OpRequest flow in RADOS OSD server
This post is a quick tour of the life cycle of an OpRequest
in the
Ceph/RADOS storage server. We’ll follow the request from the time the generic
message arrives off the network, to the point that the resulting transaction
for an object operation hits the low-level object store layer as a
transaction.
The Messenger
handles connections and generic messages. A message will be
dispatched to any registered dispatchers via the ms_dispatch
virtual method
on the Dispatcher
interface. The OSD
class implements the Dispatcher
interface. There are two high-level asynchronous traces described below. The
first is the process of receiving, preparing, and queueing a request. The
second is from the perspective of separate worker threads that dequeue
requests to be processed.
Message Dispatch and Request Queuing #
The trace begins when a message is dispatched to the OSD:
- bool OSD::ms_dispatch(Message *m)
- src/osd/OSD.cc:4720
There are two paths that can be taken, both of which will arrive at
OSD::dispatch_op
.
- void OSD::_dispatch(Message *m)
- Construct a new OpRequest
- src/osd/OSD.cc:4937
- void OSD::do_waiters()
- Grab an existing OpRequest
- src/osd/OSD.cc:4840
Both _dispatch
and do_waiters
will then process a request:
- void OSD::dispatch_op(OpRequestRef op)
- src/osd/OSD.cc:4857
- void OSD::handle_op(OpRequestRef op)
- src/osd/OSD.cc:7352
- void OSD::enqueue_op(PG *pg, OpRequestRef op)
- src/osd/OSD.cc:7546
- void PG::queue_op(OpRequestRef op)
- src/osd/PG.cc:1707
The request is now living on a queue waiting to be picked up by a worker:
Request Processing #
The rough flow:
- struct OpWQ: public ThreadPool::WorkQueueVal<pair<PGRef, OpRequestRef>, PGRef >
- src/osd/OSD.h:1101
- void OSD::OpWQ::_process(PGRef pg, ThreadPool::TPHandle &handle)
- src/osd/OSD.cc:7604
- void OSD::dequeue_op(PGRef pg, OpRequestRef op, ThreadPool::TPHandle &handle)
- src/osd/OSD.cc:7643
- void ReplicatedPG::do_request(OpRequestRef op, ThreadPool::TPHandle &handle)

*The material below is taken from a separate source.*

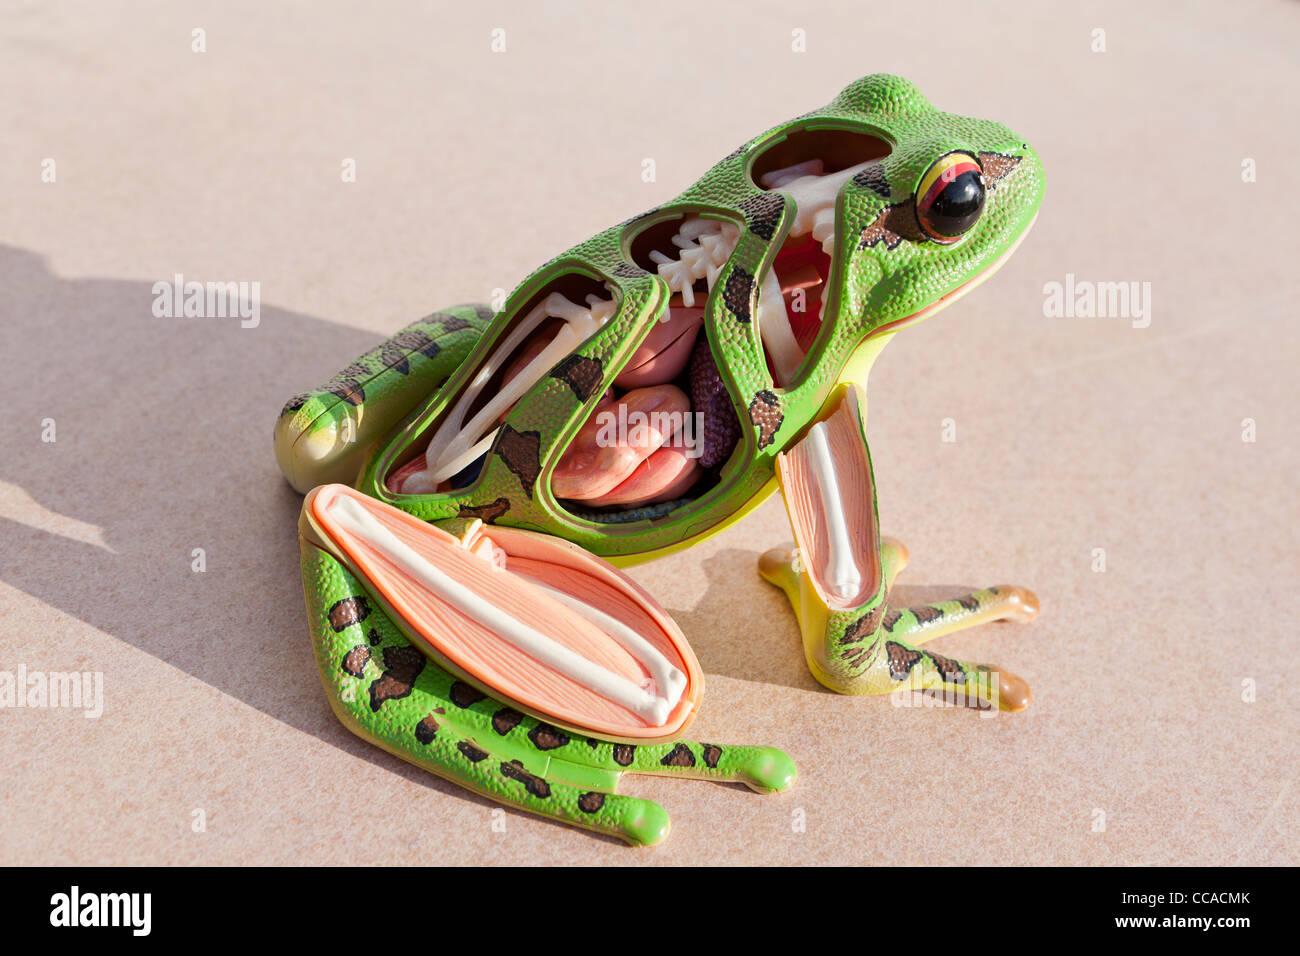 Modelo de anatomía de rana Foto & Imagen De Stock: 42026115 - Alamy

- src/osd/ReplicatedPG.cc:1080
- void ReplicatedPG::do_op(OpRequestRef op)
- src/osd/ReplicatedPG.cc:1191
- void ReplicatedPG::execute_ctx(OpContext *ctx)
- src/osd/ReplicatedPG.cc:1706
The following sub-trace shows the path taken to the actual logic behind a
RADOS client write
operation. All other client operations can be found down
this path as well. For instance, CEPH_OSD_OP_WRITE
is sibling to all other
client operations in a large switch
statement in do_osd_ops
.
- int ReplicatedPG::prepare_transaction(OpContext *ctx)
- src/osd/ReplicatedPG.cc:5055
- int ReplicatedPG::do_osd_ops(OpContext *ctx, vector
& ops) - src/osd/ReplicatedPG.cc:2921
- case CEPH_OSD_OP_WRITE
- src/osd/ReplicatedPG.cc:3650
The accumulated transaction is submitted in issue_repop
that will then call
submit_transaction
on the configured PGBackend (e.g. replication or erasure
coding). The backend will communicate with replicas as well as run the
transaction against the local object store.
- void ReplicatedPG::issue_repop(RepGather *repop, utime_t now)
- src/osd/ReplicatedPG.cc:6660
- virtual void submit_transaction(
- src/osd/PGBackend.h:490
The local object store (e.g. FileStore
or BlueStore
) is what manages the
underlying storage hardware.